Those who steal our solitude not only take away humanistic property, but force material upon us that can put our lives in danger.
Advertising is an evolving entity. In the old days, there were fixed signs with a static display of company slogans. Once we became accustomed to these signs, new ones were invented with more distracting and vibrant colours and even moving parts to fight for our attention. As we became accustomed to these signs, they were made brighter. Concepts such as light chasers, lamp sequencers and the like were introduced so that motion arising from sequentially illuminated bulbs could further distract us.

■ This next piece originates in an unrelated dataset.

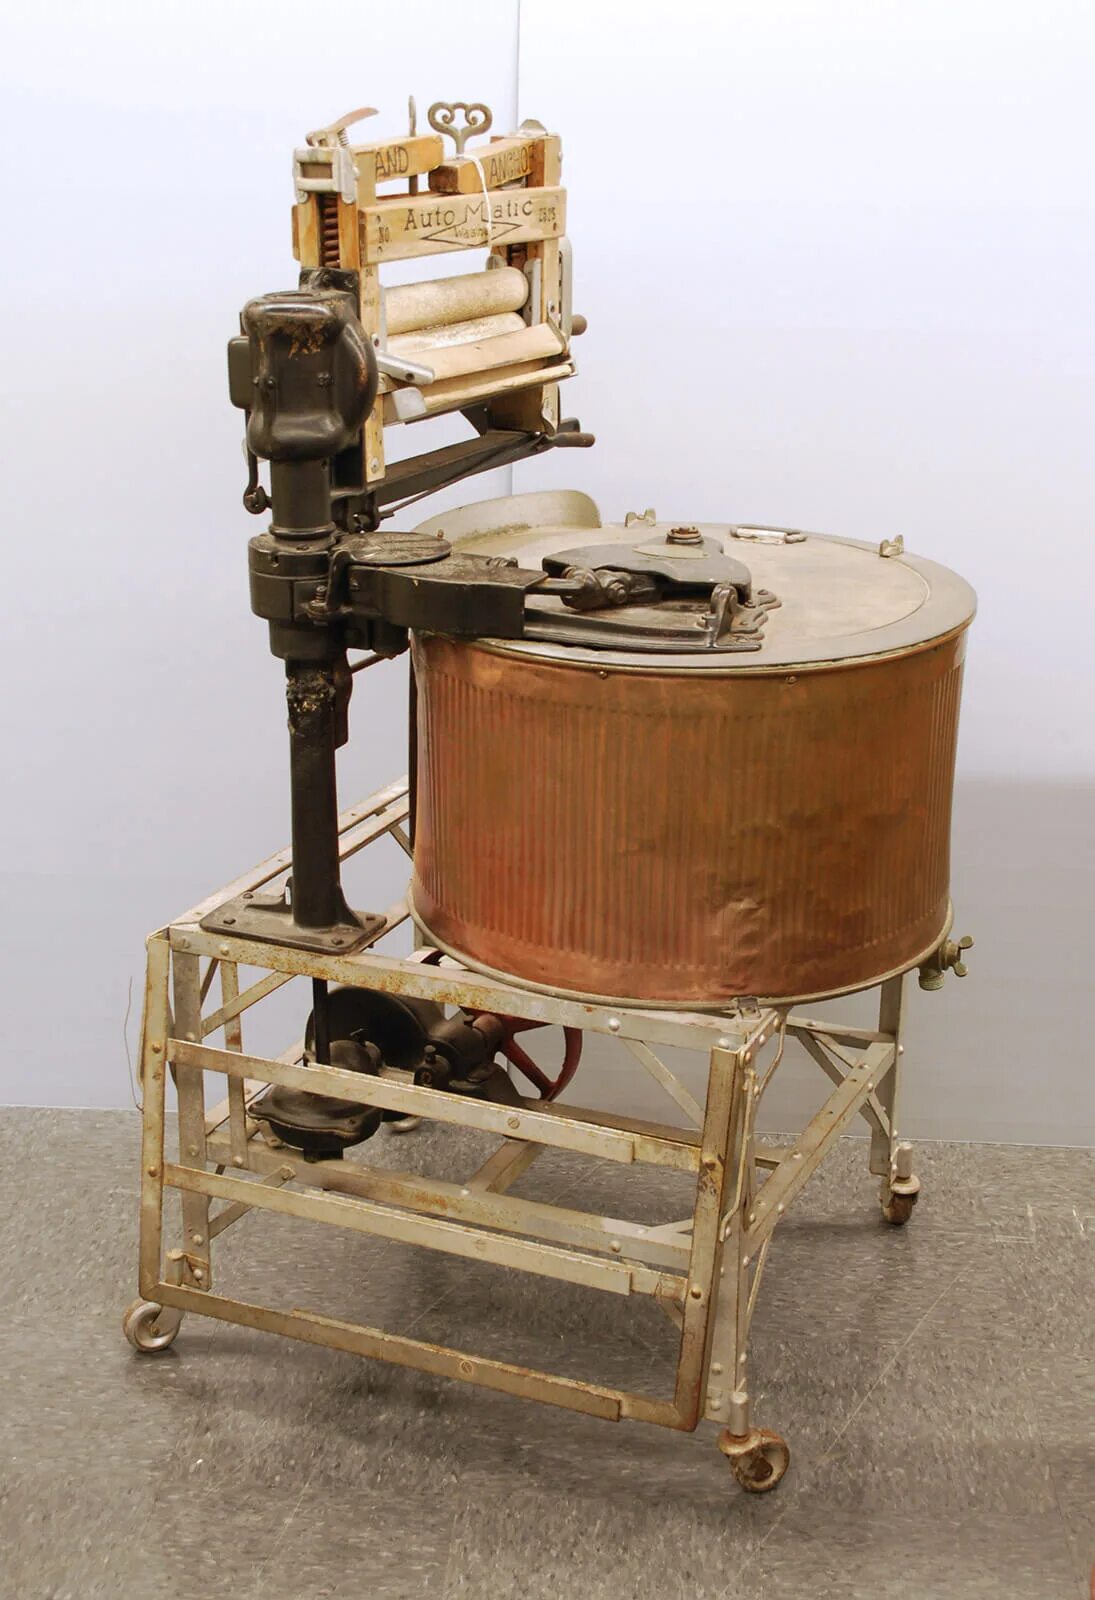 Первая стиральная машина автомат. Первая стиральная машина Уильяма Блэкстоуна. Уильям Блэкстоун стиральная машина. Первая стиральная машина Алва Фишер.

Then came the pixel boards, which also got brighter as we became accustomed to them. Some pixel boards use as many as 2000 watts per pixel. When lights this bright are put along major highways, they pose a serious threat to road safety. Still, we do our best to ignore these distractions and keep our eyes on the road or on whatever task has our attention.
The latest trend is something I call “signal-band advertising”. It tries to trick us by resituating advertising (“noise”) into what we perceive to be a “signal” band. For example, we are now seeing WWW banner advertisements with an imitation of a cursor; thus, the user is momentarily tricked into thinking there are two cursors on his screen. The advertisement contains what looks like a cursor, which moves around very much like a real cursor normally does. These kinds of ads are the cyberspace equivalent of trying to get attention by yelling “Fire!” in a crowded movie theater.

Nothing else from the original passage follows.